Alternatively referred to as the working directory or current working directory (CWD), the current directory is the directory or folder in which you are currently working. The following sections contain some common use examples involving the current working directory.
Windows current directory
While in Windows Explorer, the current working directory is shown at the top of the active window in what appears to look like an address bar. For example, if you were in the System32 folder, you would see "C:\Windows\System32" or "Computer > C:>Windows\System32" depending on your version of Windows. In this example, System32 is the current directory.
Tip: While in Windows a directory is more properly referred to as a folder and not a directory.

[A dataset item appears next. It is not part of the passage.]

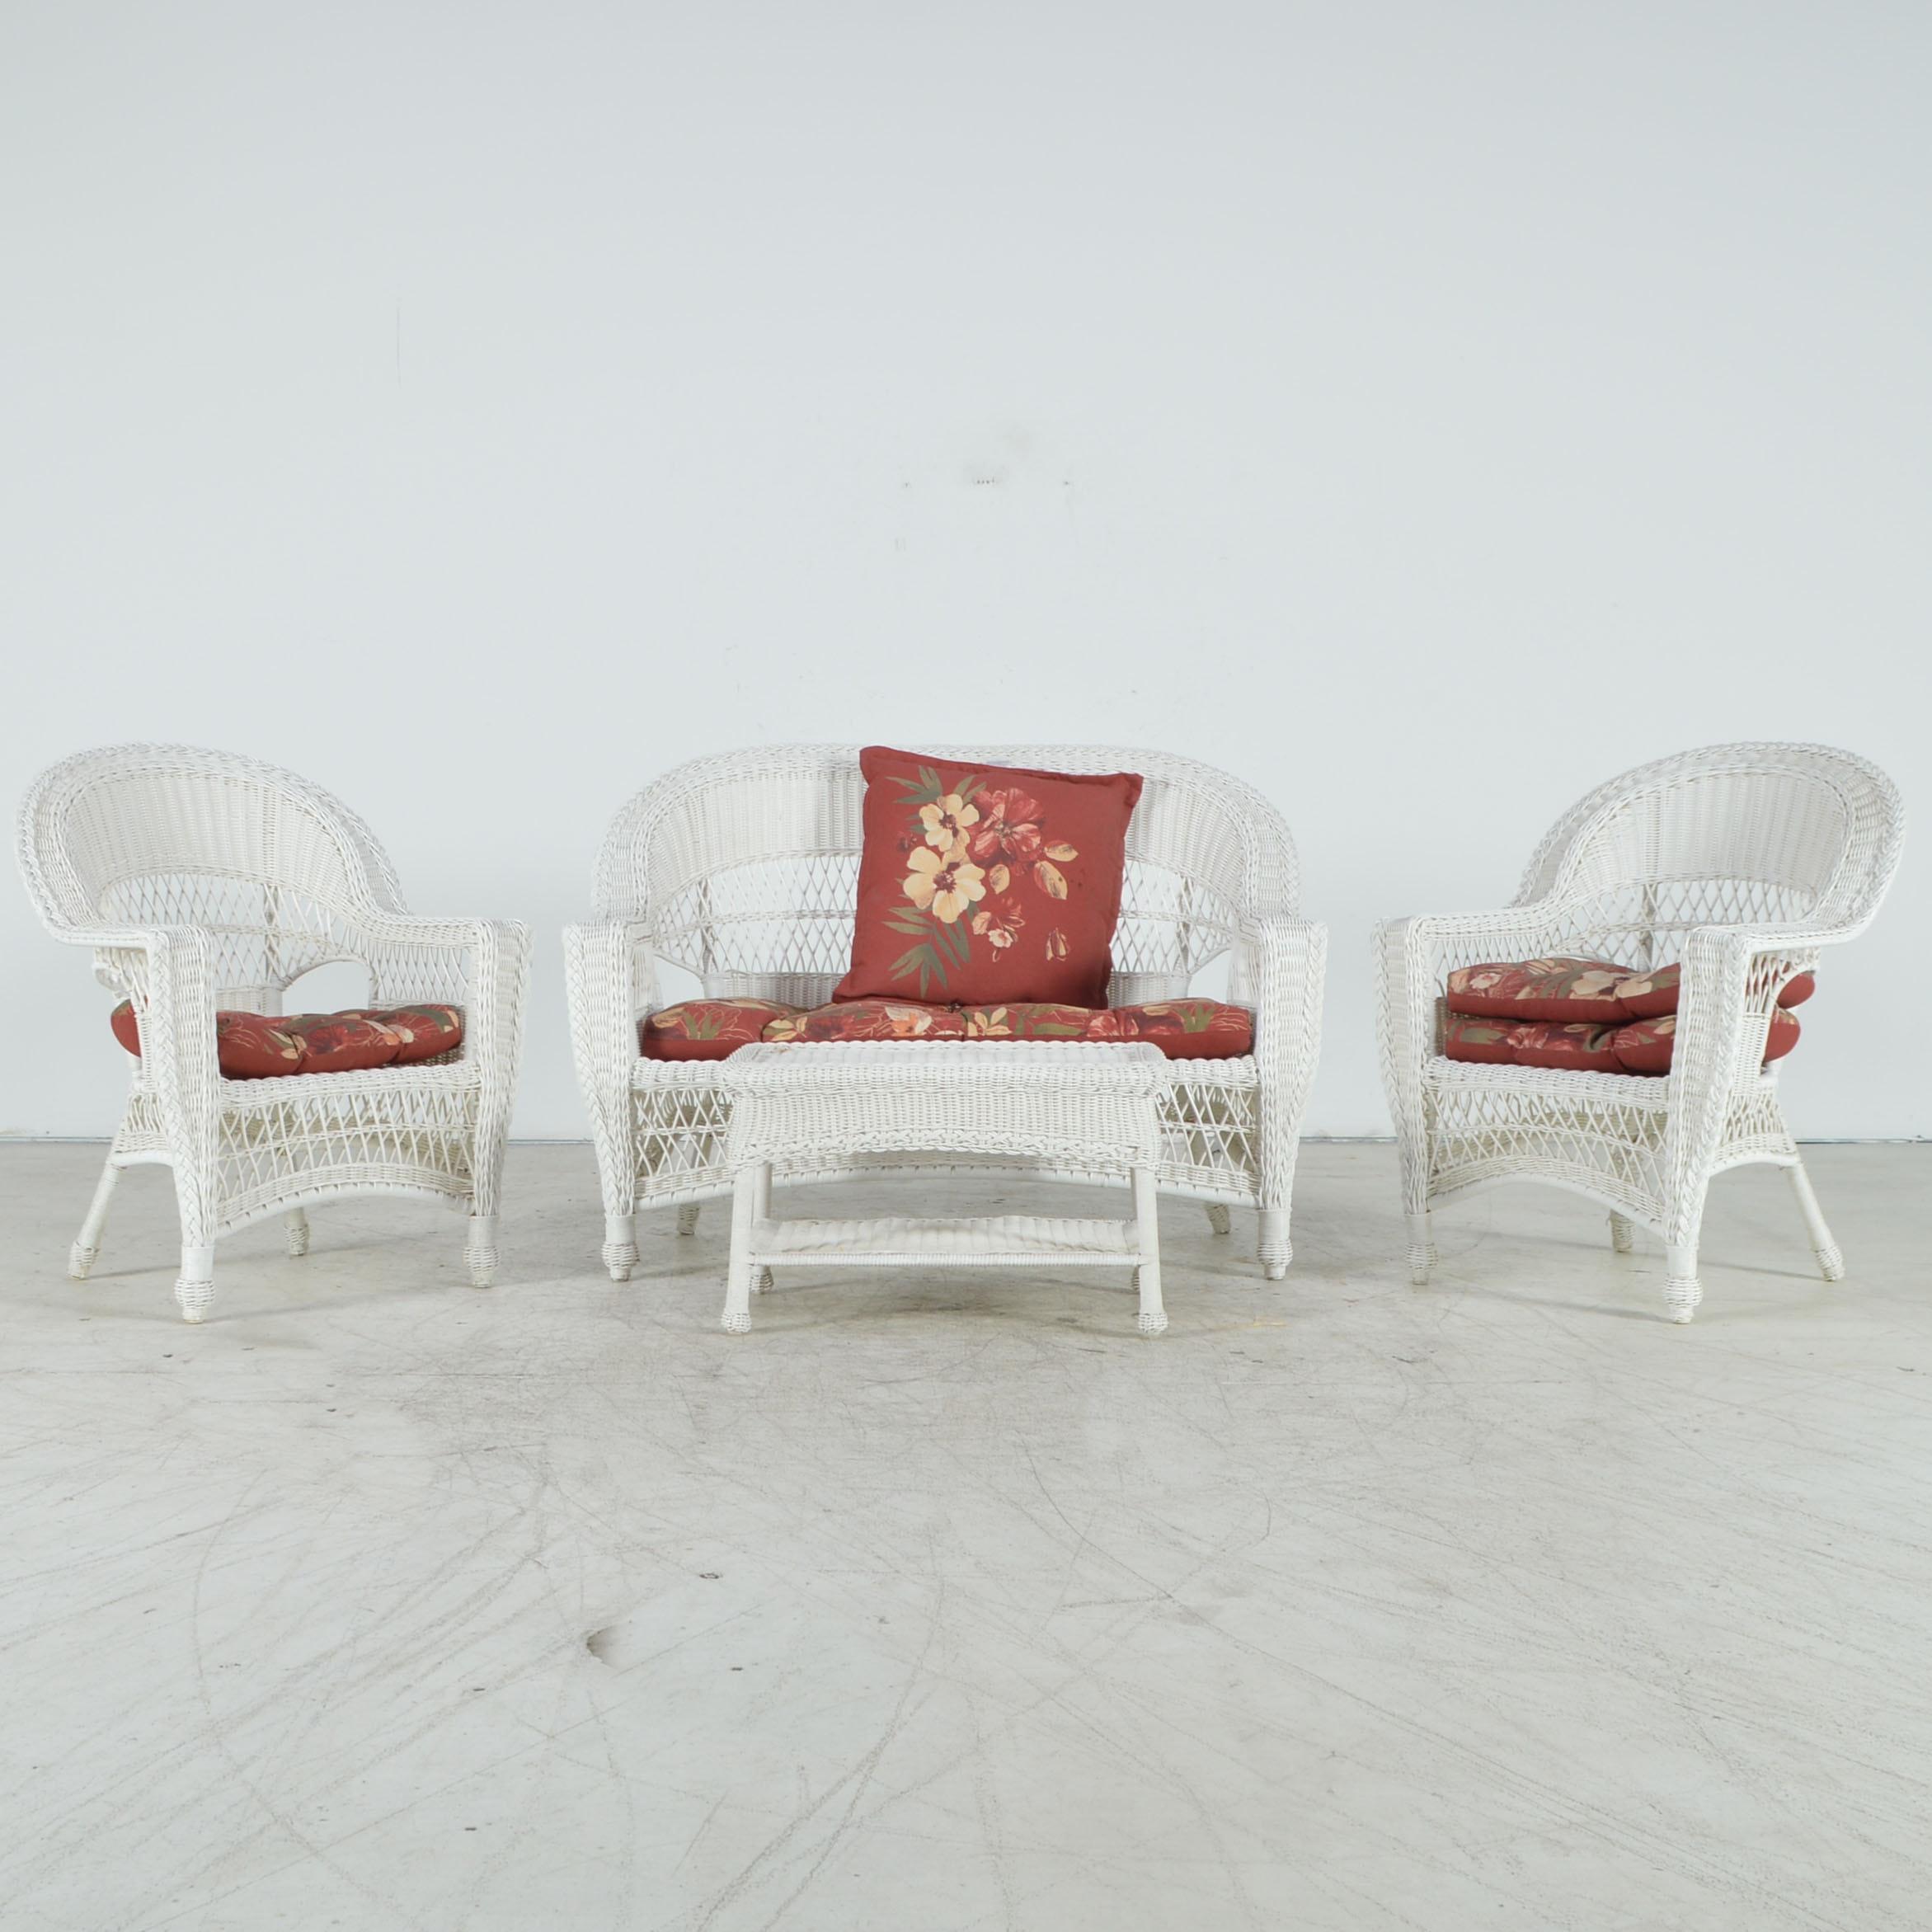 White Wicker Weave Patio Furniture Ebth

MS-DOS and Windows command line current directory
In the MS-DOS or Windows command line, the current working directory is displayed as the prompt. For example, if the prompt was "C:\Windows\System32>" the "System32" directory is the current directory, "Windows" is the parent directory, and "C:\" is the drive or root directory. To list the files in the current directory use the dir command, and if you want to change the current directory, use the cd command.
Tip: You can use the chdir command by itself to print the current directory in MS-DOS and the Windows command line.
Show the current directory in Linux and Unix
How to list files in the current directory
To list the files and directories in the current directory depends on your operating system. If you're using Microsoft Windows or MS-DOS, you can use the dir command to list the files and directories in the current directory. If you're using Linux, you can use the ls command to list the files and directories in the current directory.